Exercise prompt:
Return all the lines below exactly. Any picture among them is omitted.

──────── Given material

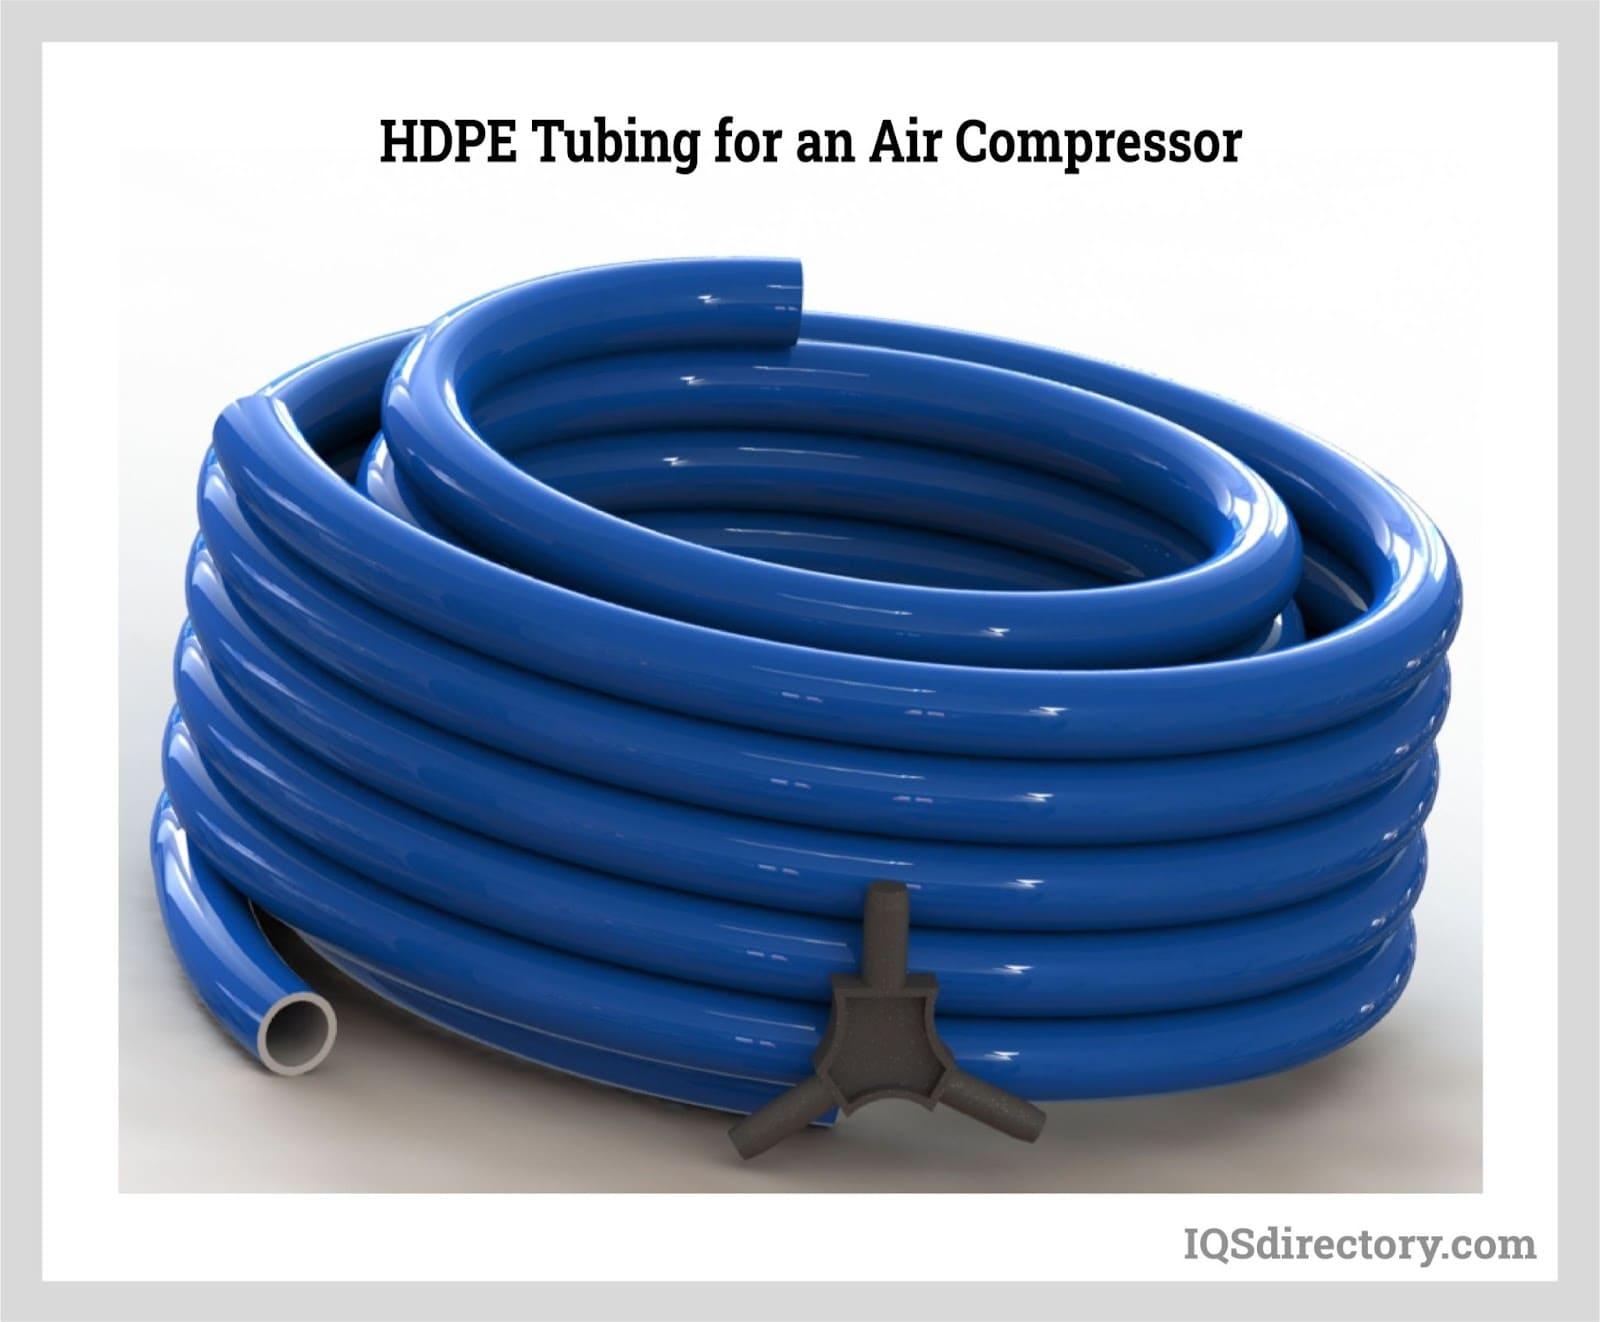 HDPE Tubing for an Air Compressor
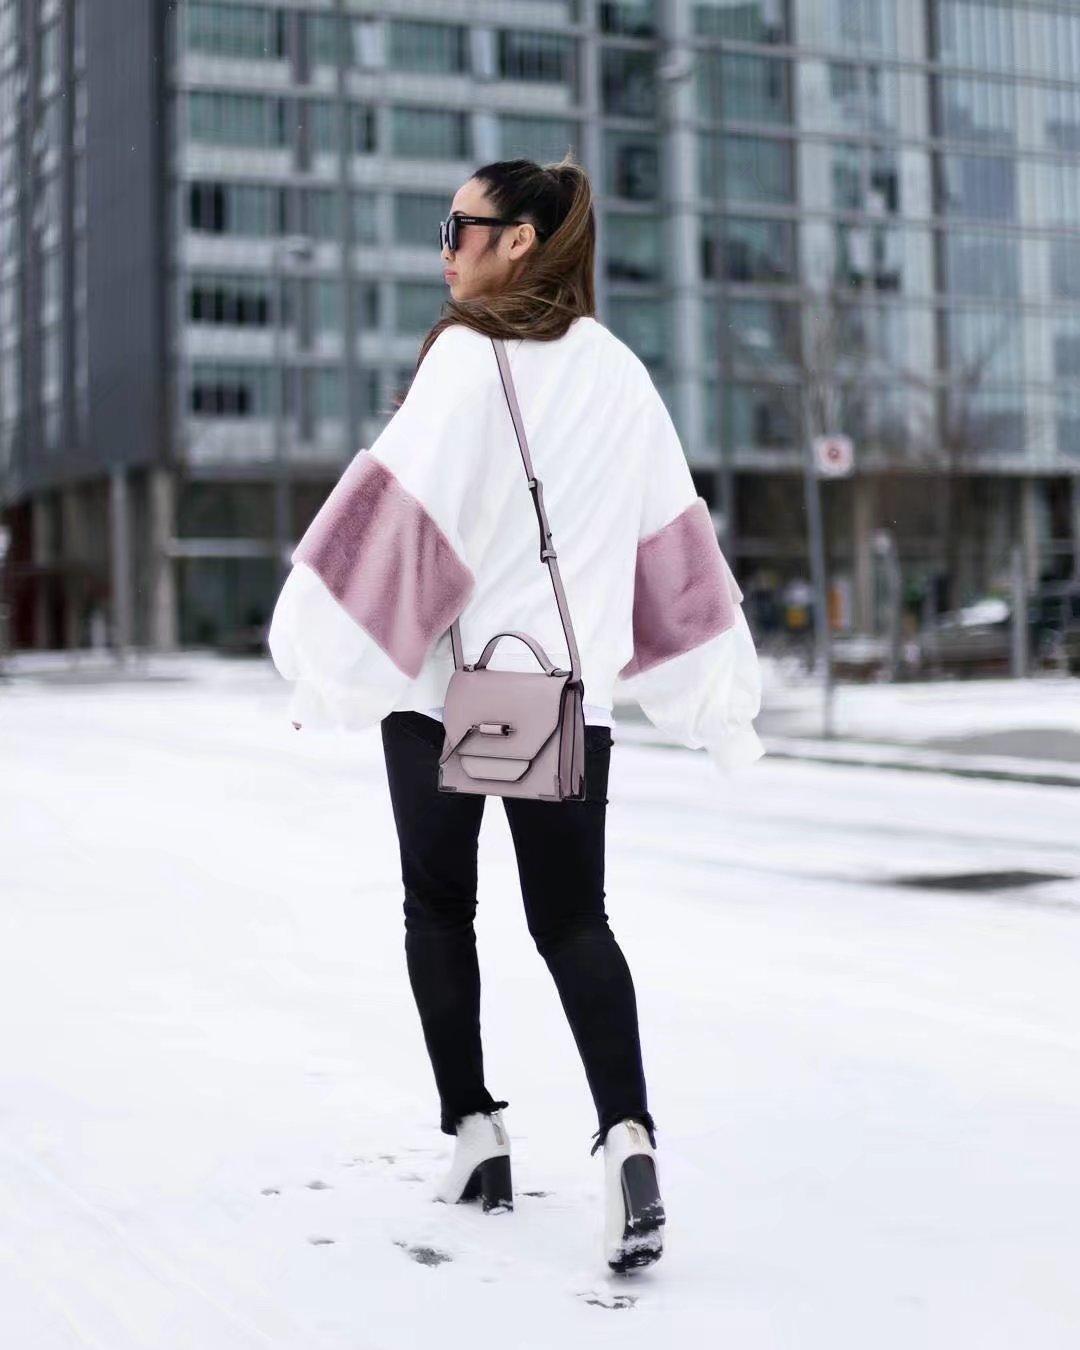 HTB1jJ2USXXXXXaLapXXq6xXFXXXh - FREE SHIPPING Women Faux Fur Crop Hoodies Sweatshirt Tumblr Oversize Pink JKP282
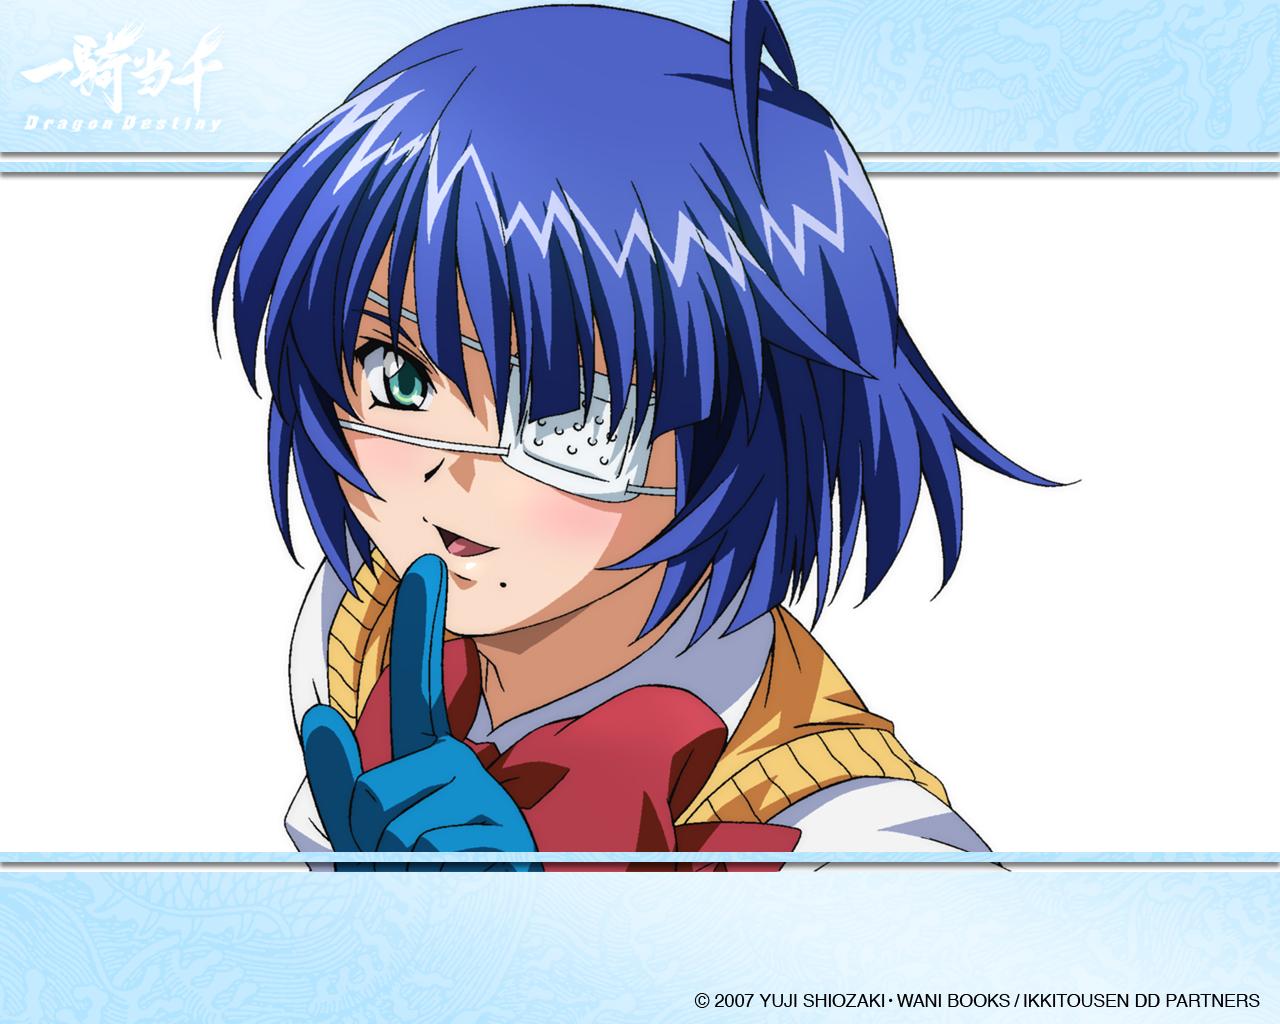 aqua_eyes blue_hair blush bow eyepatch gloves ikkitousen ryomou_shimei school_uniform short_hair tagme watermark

────────────────

Task output:
 HDPE Tubing for an Air Compressor
 HTB1jJ2USXXXXXaLapXXq6xXFXXXh - FREE SHIPPING Women Faux Fur Crop Hoodies Sweatshirt Tumblr Oversize Pink JKP282
 aqua_eyes blue_hair blush bow eyepatch gloves ikkitousen ryomou_shimei school_uniform short_hair tagme watermark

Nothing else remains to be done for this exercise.